Suspense works through uncertainty, anticipation, and the arrangement of events. Significant events accumulate, collide, or withhold information so readers feel tension about what will happen or what it means.
What is resolution in literature?
Resolution is the part of a plot where central conflicts or tensions come to an end. It can create closure, catharsis, or a final shift in how readers understand the work.
What is catharsis?
Catharsis is emotional release after built-up tension or conflict. It does not have to mean a happy ending; tragedy can also produce catharsis through loss or recognition.
What does an unresolved ending do?
An unresolved ending can leave tension open on purpose.
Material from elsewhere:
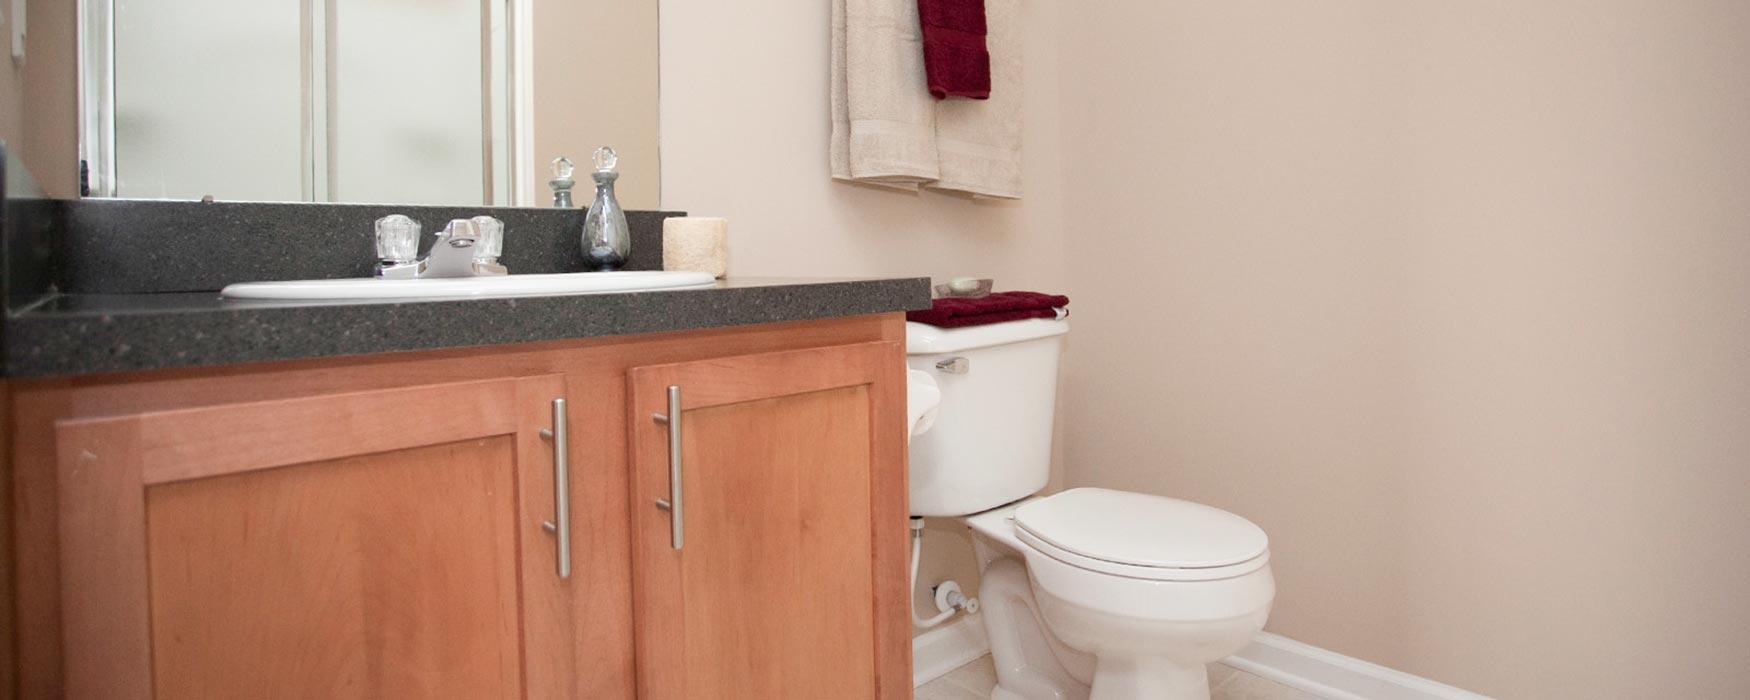 LC Preserve Crossing | Gahanna Apartments | Bentley Flat Bathroom

It may suggest uncertainty, complexity, or the idea that a conflict cannot be neatly solved.
How do significant events show competing values?
Significant events often force characters to act on beliefs, desires, or loyalties. Those choices reveal competing value systems tied to the text’s central conflict.
How do I analyze plot development without summarizing?
Focus on function. State what structural choice the writer makes, such as foreshadowing, escalation, or unresolved resolution, then explain how it shapes suspense or meaning.